String quirk: The number "200" (with quotes) is a string — text that happens to look like a number. The number 200 (no quotes) is an integer. They behave completely differently:
print("200" + "200") # "200200" (string concatenation)
print(200 + 200) # 400 (integer addition)
This distinction — and how to convert between string and numeric types — is one of the most common sources of beginner errors.
bool — Booleans (True/False)
is_active_customer = True
has_outstanding_invoice = False
over_quota = True
print(type(is_active_customer)) # <class 'bool'>
Booleans represent yes/no, on/off, true/false conditions.
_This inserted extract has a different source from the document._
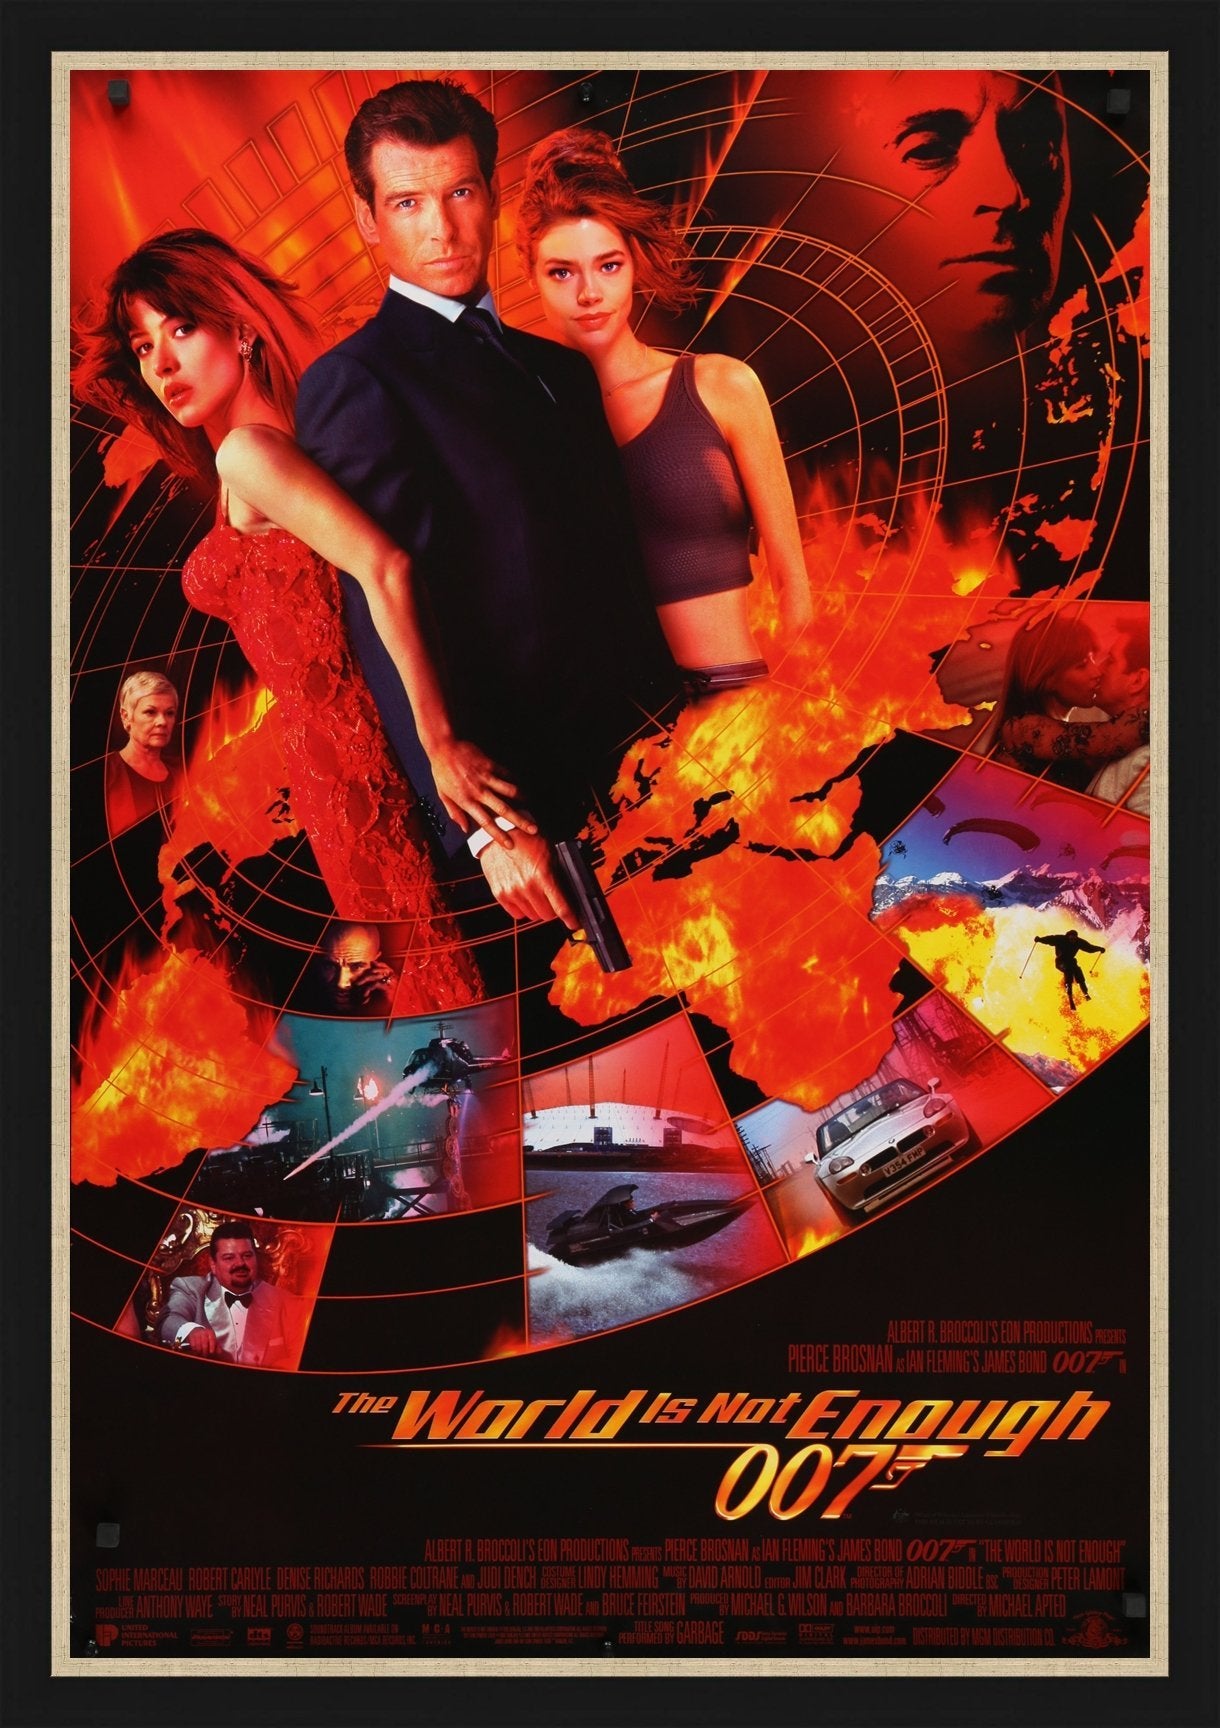 An original movie poster for the James Bond film 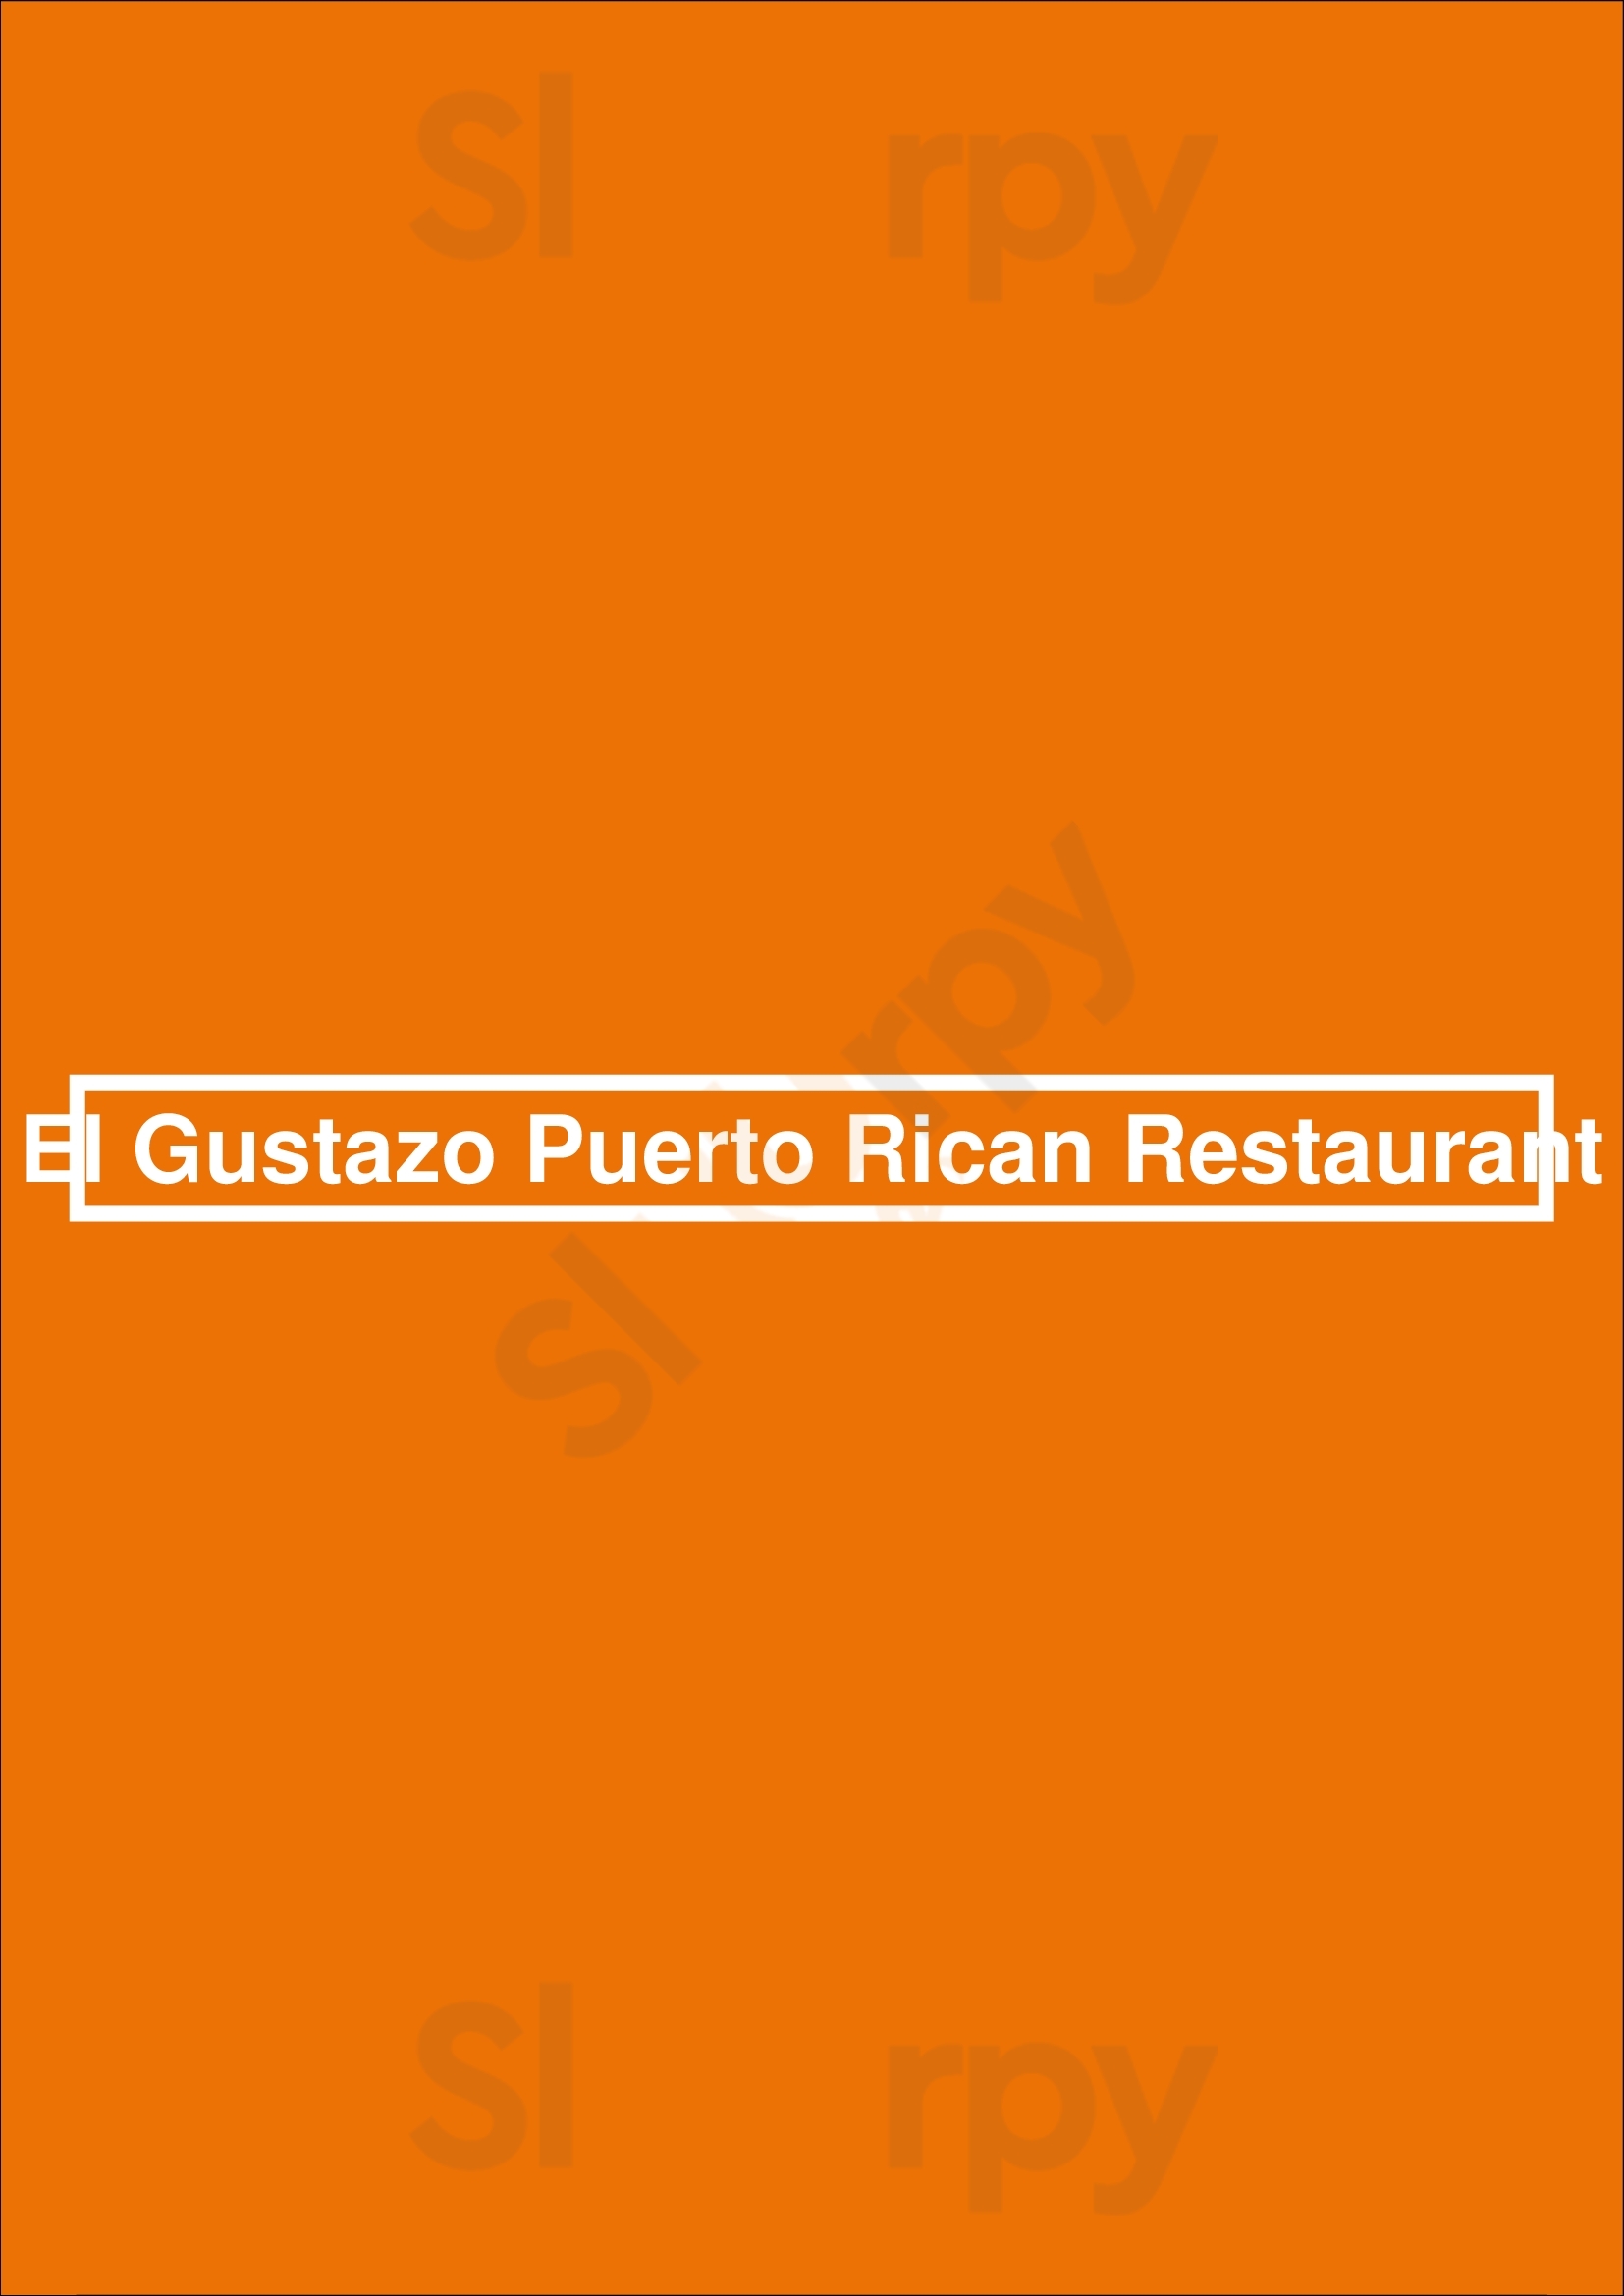 El Gustazo Puerto Rican Restaurant Racine Menu - 1

In business: active/inactive accounts, above/below threshold, paid/unpaid invoices.
Note that in Python, True and False are capitalized. true and false will cause errors.
None — The Absence of a Value
shipping_date = None # Date not set yet
manager_override = None # No override applied
None represents the absence of a value — not zero, not empty string, but genuinely "no value." It's Python's equivalent of a null value.
In business data, None commonly represents missing information: a field that hasn't been filled in, a date that doesn't apply yet, a value that hasn't been calculated.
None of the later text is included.